Copy verbatim the span of lines beginning at the line that contains "Agresión a un" and ending with the final line of the data. Exclude pictures from the copy.

# [Given material]
=== Section Start ===
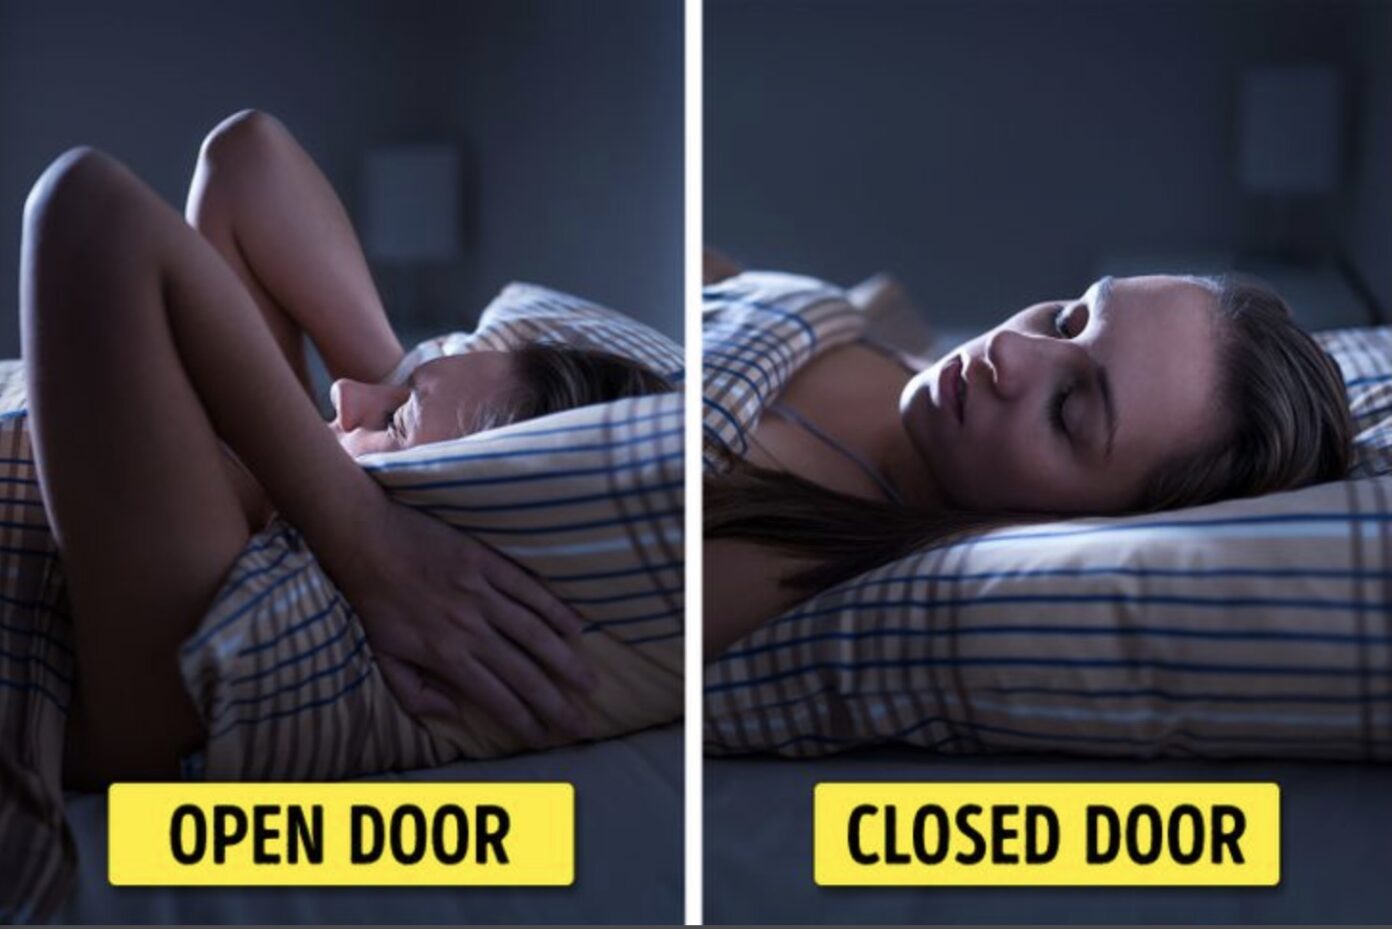 đảm bảo chất lượng giấc ngủ khi đóng cửa phòng
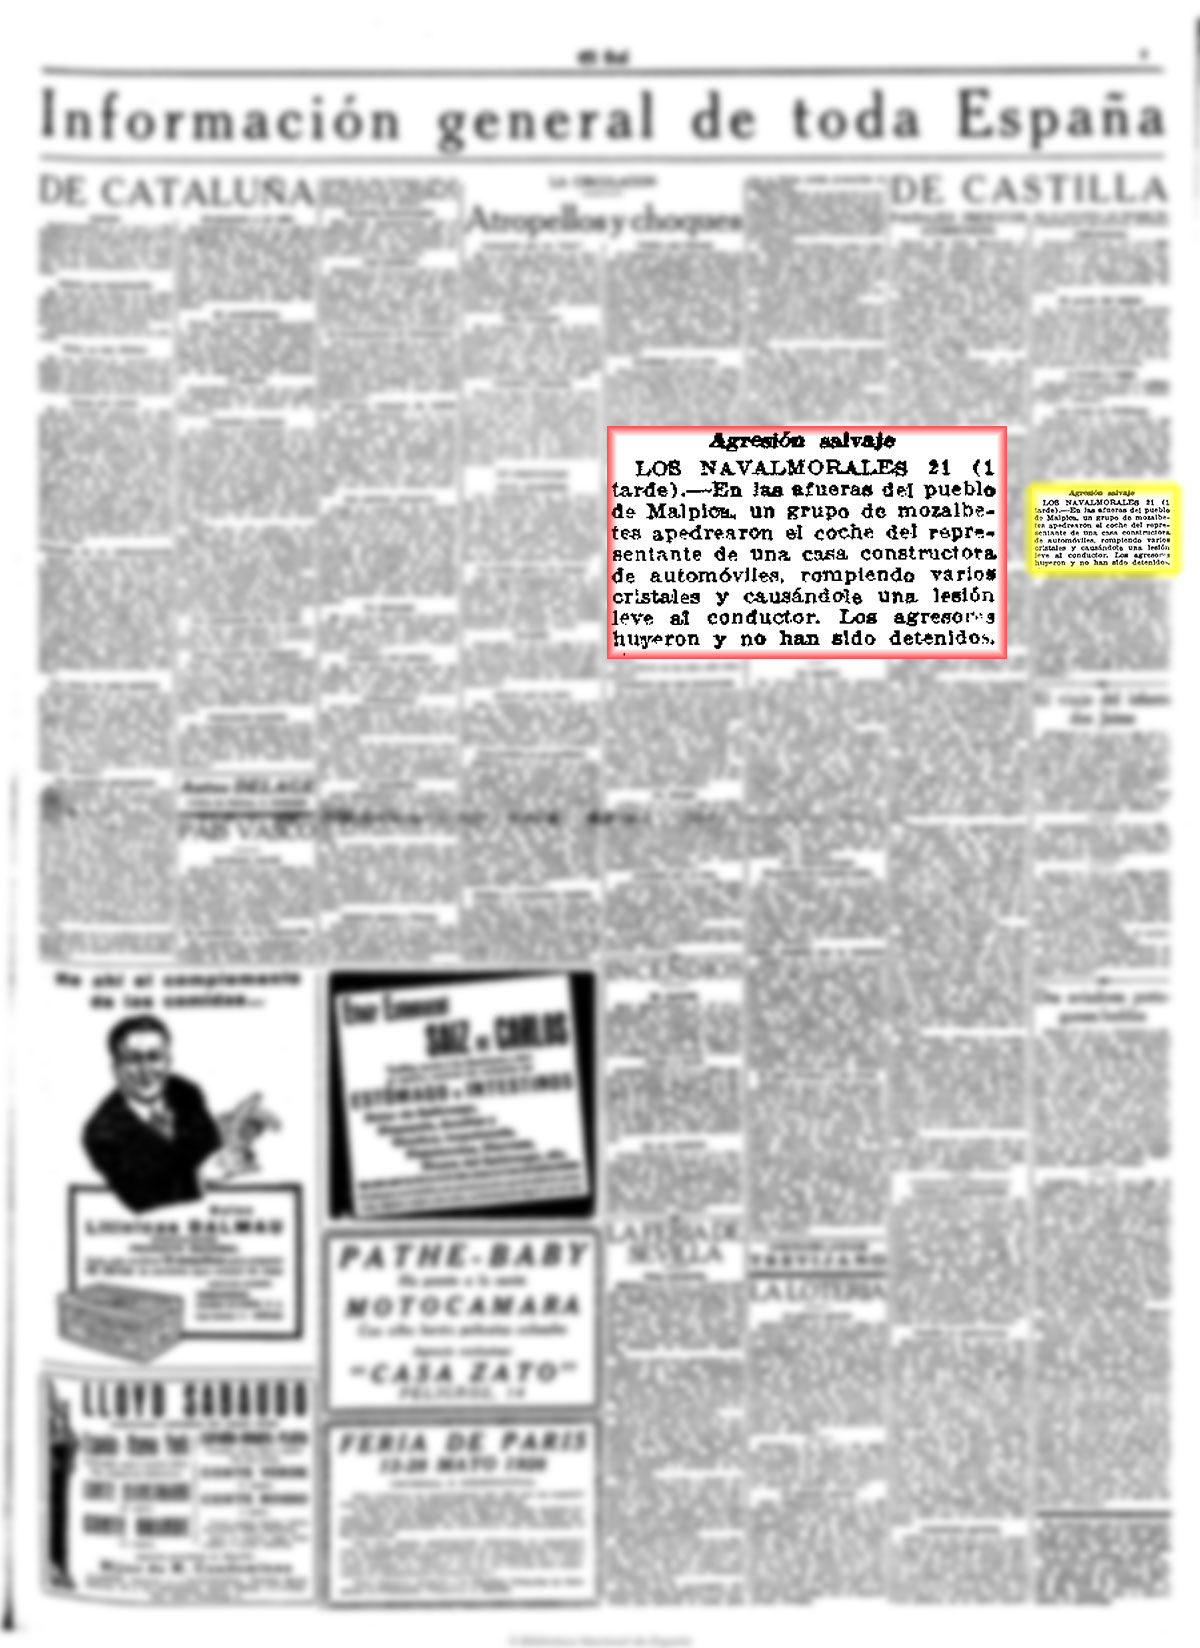 Agresión a un repreentante de un casa de automoviles en las afueras de Malpica. El Sol 22-4-1928
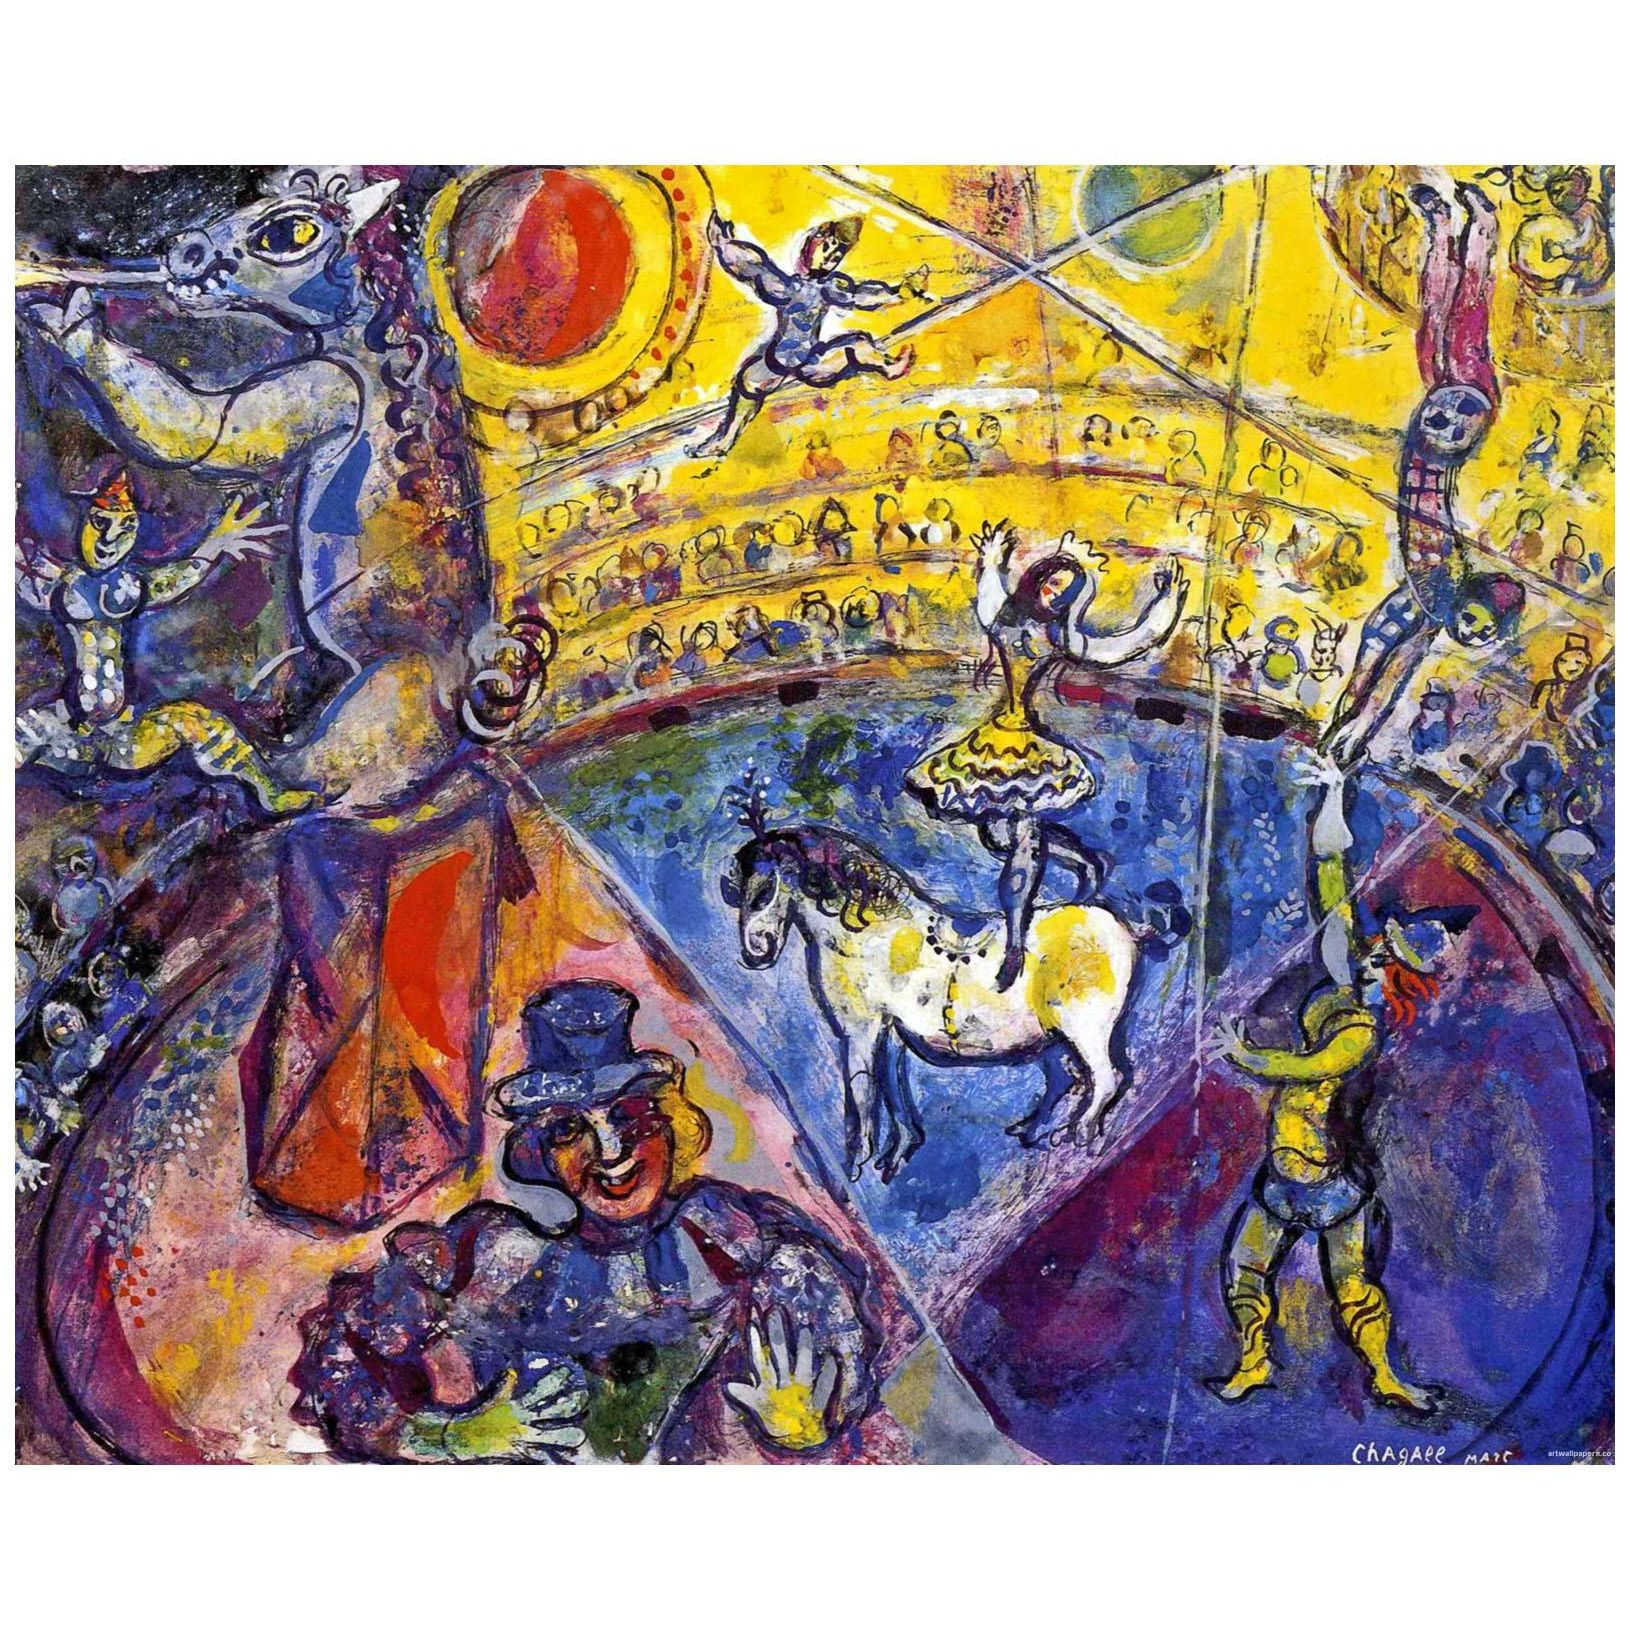 Марк Шагал. Цирковая лошадь. 1964. Музей иудаистского искусства, Нью-Йорк
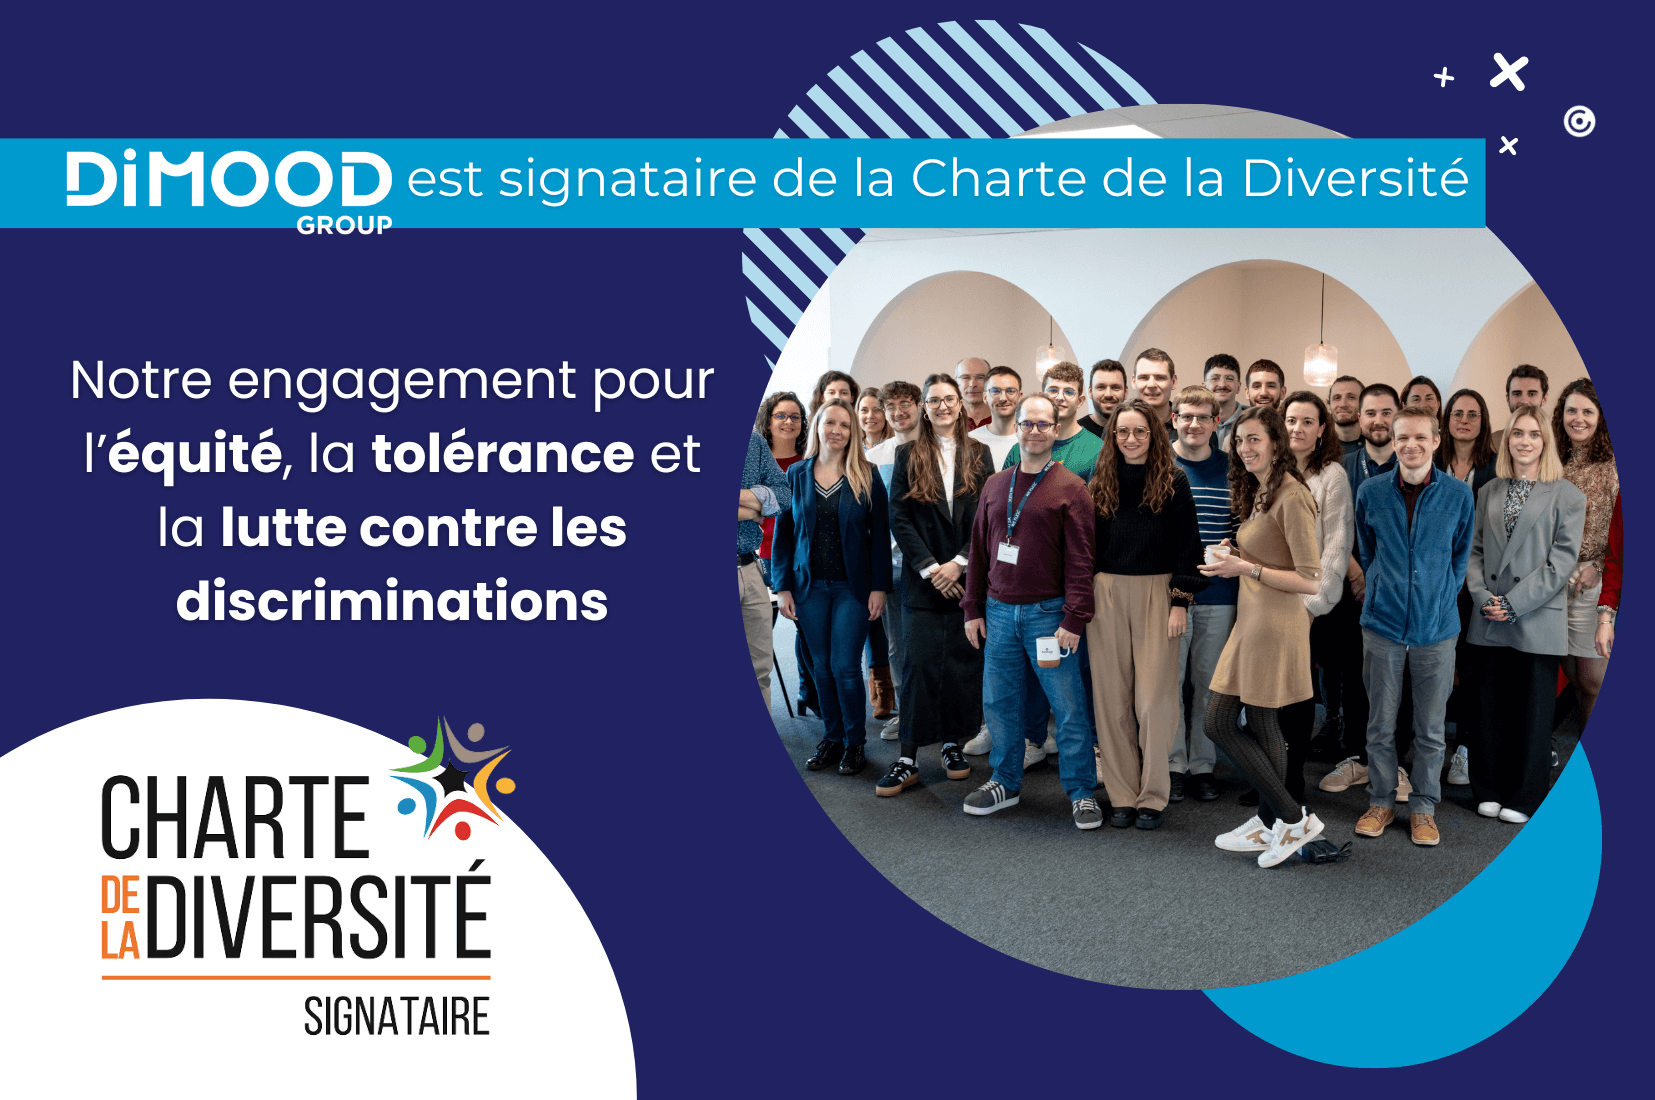 Le Groupe Dimood est signataire de la charte de la diversité
=== Section End ===
# [Solution to the exercise]
 Agresión a un repreentante de un casa de automoviles en las afueras de Malpica. El Sol 22-4-1928
 Марк Шагал. Цирковая лошадь. 1964. Музей иудаистского искусства, Нью-Йорк
 Le Groupe Dimood est signataire de la charte de la diversité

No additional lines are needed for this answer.